Terrapin Station wrote: ↑May 4th, 2021, 6:16 pm
??? First, you seem to not be getting, or to simply be ignoring (maybe because you're objecting to it, but you're not very well explaining just what the objection is supposed to be) that "initial existents either always existed or 'came from nowhere'" is NOT ABOUT REALISM. It's a truism about whatever existents we posit, real, ideal, whatever.
There is something that precedes the assumption that there are just 'two options' to explain an existent. It is
ontological realism at the core, the idea that an existent is 'real' and requires a cause (the idea that
it either 'always existed' or 'came from nowhere').
What I intended to denote is that you hold '
objective reality' as something non-disputable while that idea is based on the
belief that underlays ontological realism. That underlying belief is questionable.
You previously mentioned the following, which provides evidence:
Terrapin Station wrote: ↑May 4th, 2021, 6:16 pm
First, why would "what causes reality to exist" be necessary for knowing whether there is reality? (Keeping in mind that by "reality" here we're referring to the objective world.)
The fact that you consider that there are just two possible options to explain an existent, and that it applies to any ontological theory, including ontological idealism, and that you find those two options 'counter intuitive', indicates that the underlying belief or assumption that 'objective reality' is something to assume within any context of thinking, may be wrong.
Terrapin Station wrote: ↑May 4th, 2021, 6:20 pm
I mean, I just explained that in the post you're responding to, but you're not addressing it, and you're instead continuing to double-down on the misconception that it's something unique to realism.

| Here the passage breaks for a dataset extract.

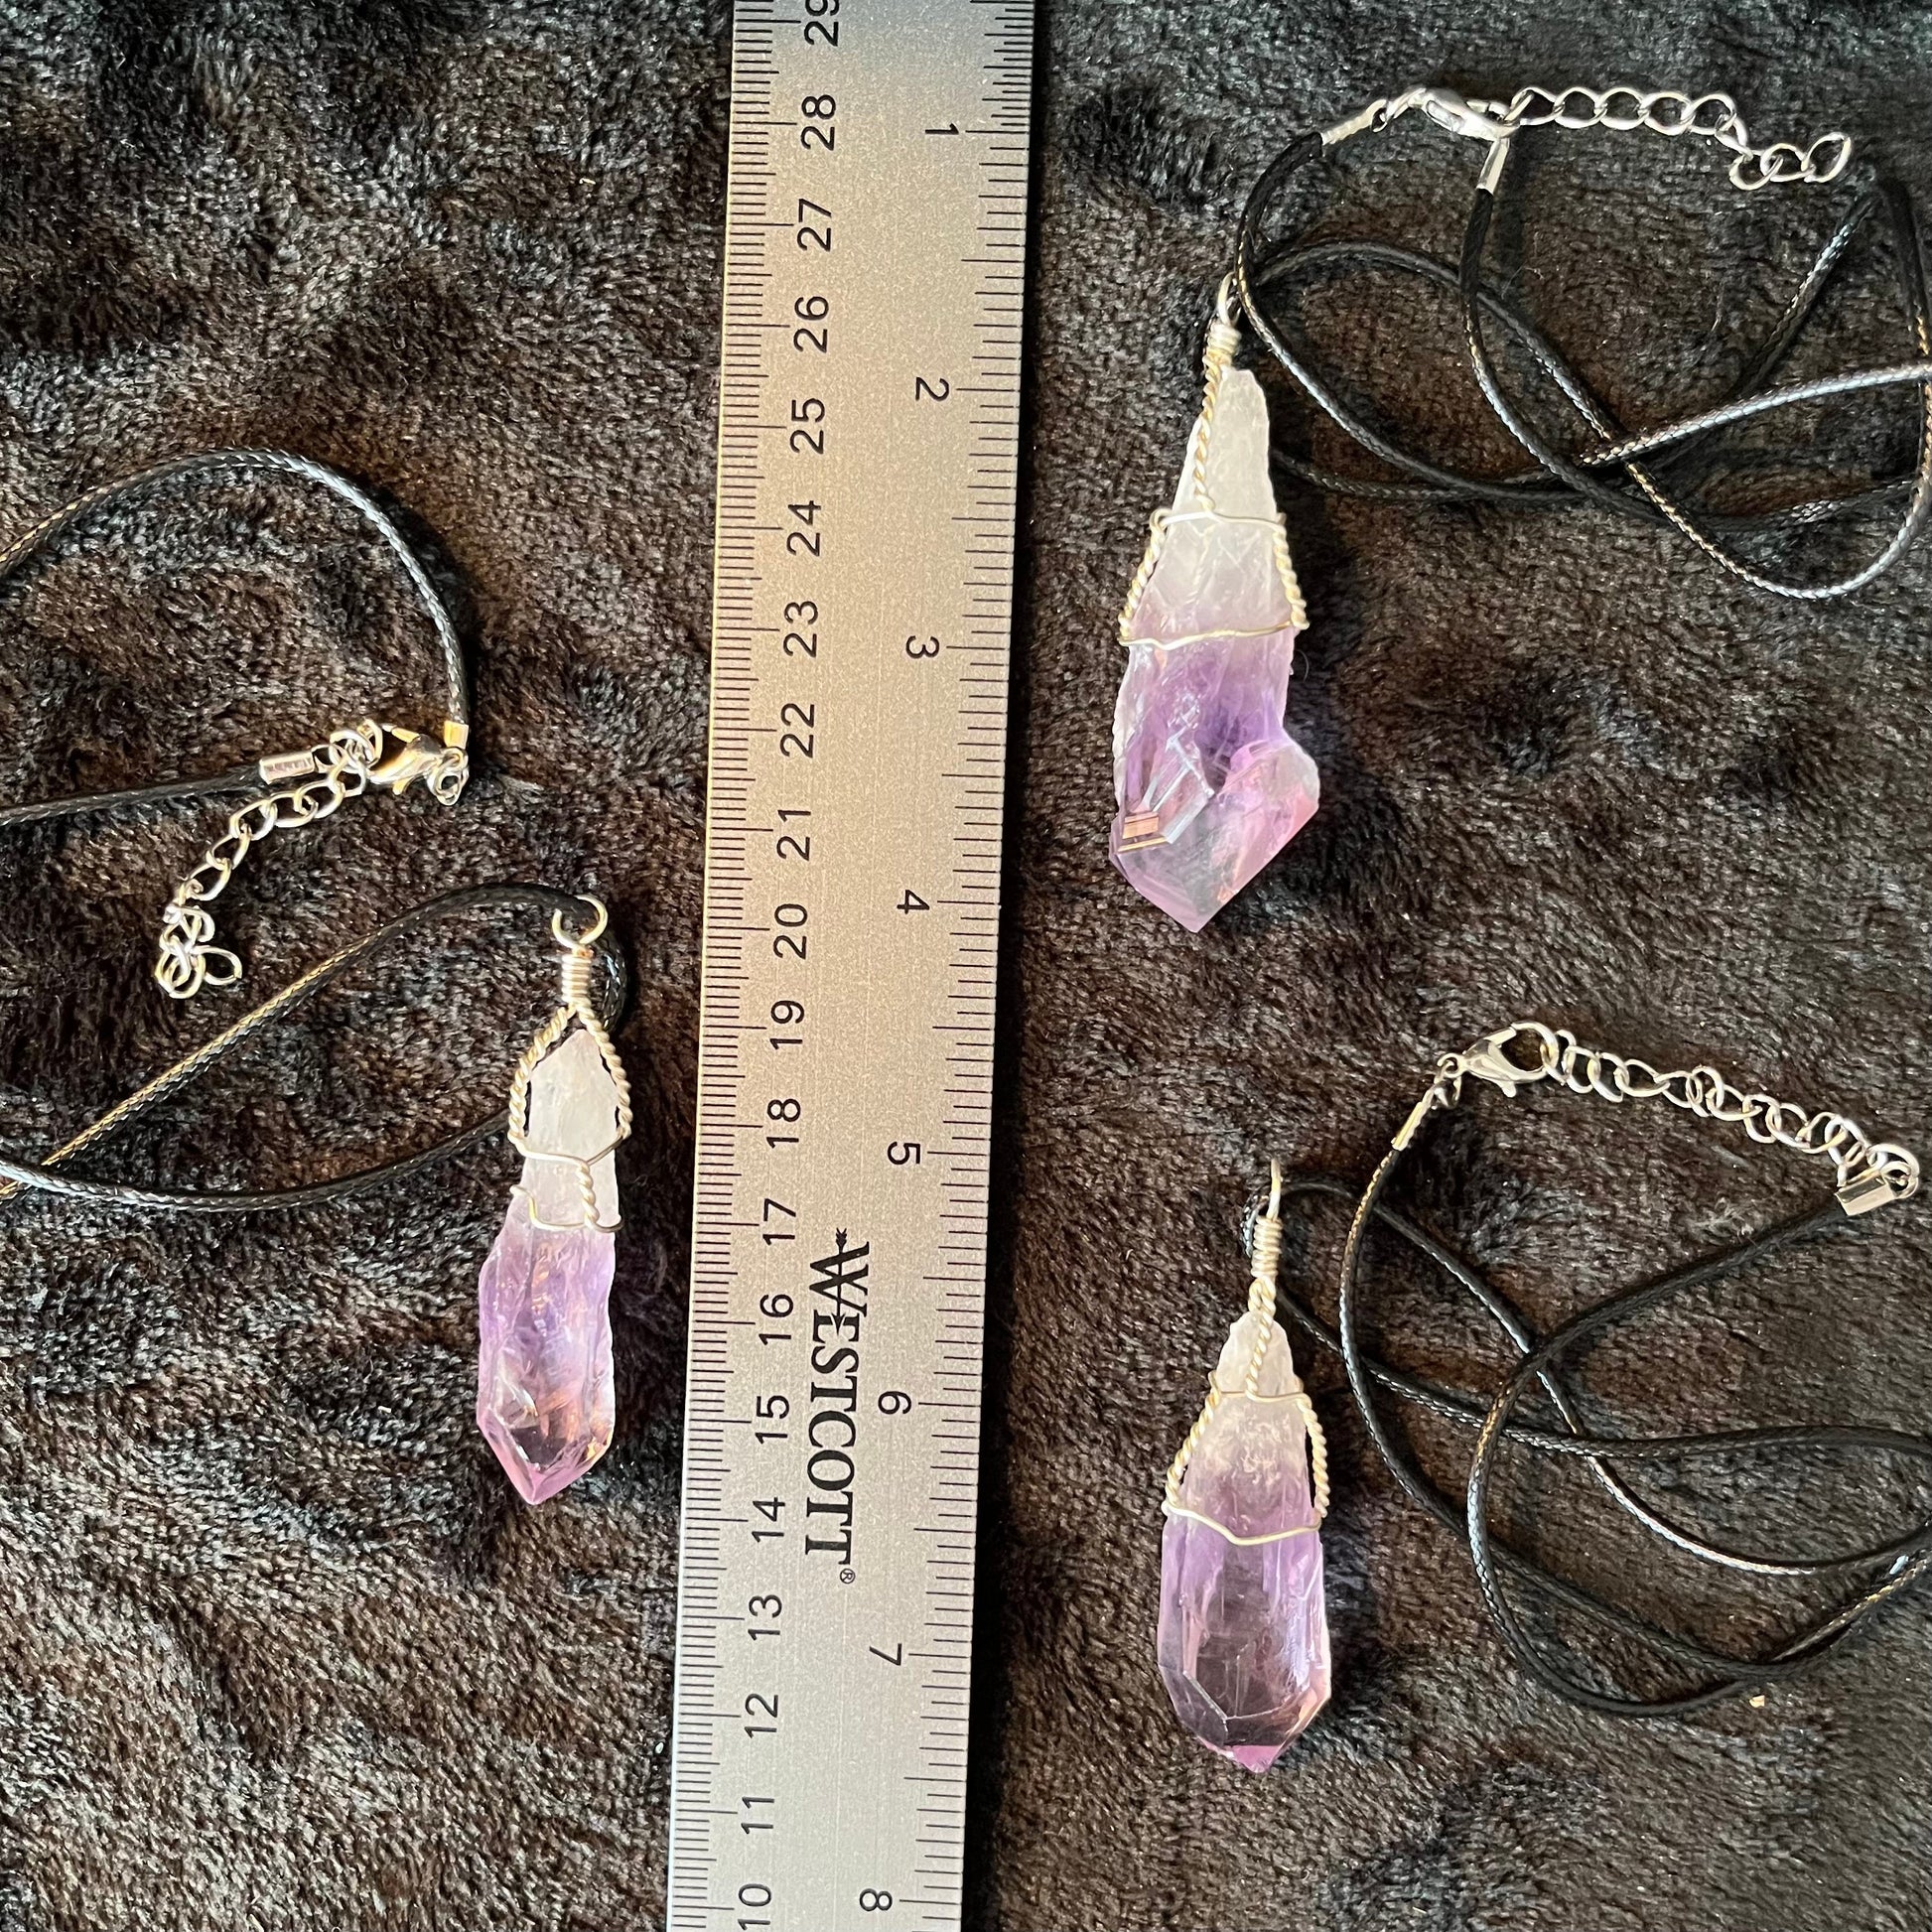 3 dragon's tooth amethyst, silver wire wrapped necklace, displayed next to a ruler to show size.  pendants are 2 3/4 inches to 3 1/4 inches long attatched to adjustable cords

Why are you doing that? Why did I bother explaining to you that that was nothing particularly about realism if you're just going to ignore the correction?
As mentioned, the idea that an 'existent' is real (and thus a start point for explaining the fundamental nature of reality), is based on the
belief that underlays ontological realism. It is the belief that
objective reality is ultimately something non-disputable within any context of thinking.
The error is perhaps to be found in the idea that causality ultimately applies to any attempt to explain the fundamental nature of reality. As shown in the OP, many major philosophers have used causality to conclude that the Universe must have had a begin or "First Cause".
My argument has been that a "First Cause" cannot logically exist, because a begin implies the start of a pattern and a pattern is bound by observation, thus, the observer (mind) must precede reality and cannot have a begin.
The cited study in the OP indicates that '
entanglement by kind' is possible. This could be a major clue to explain the fundamental nature of reality.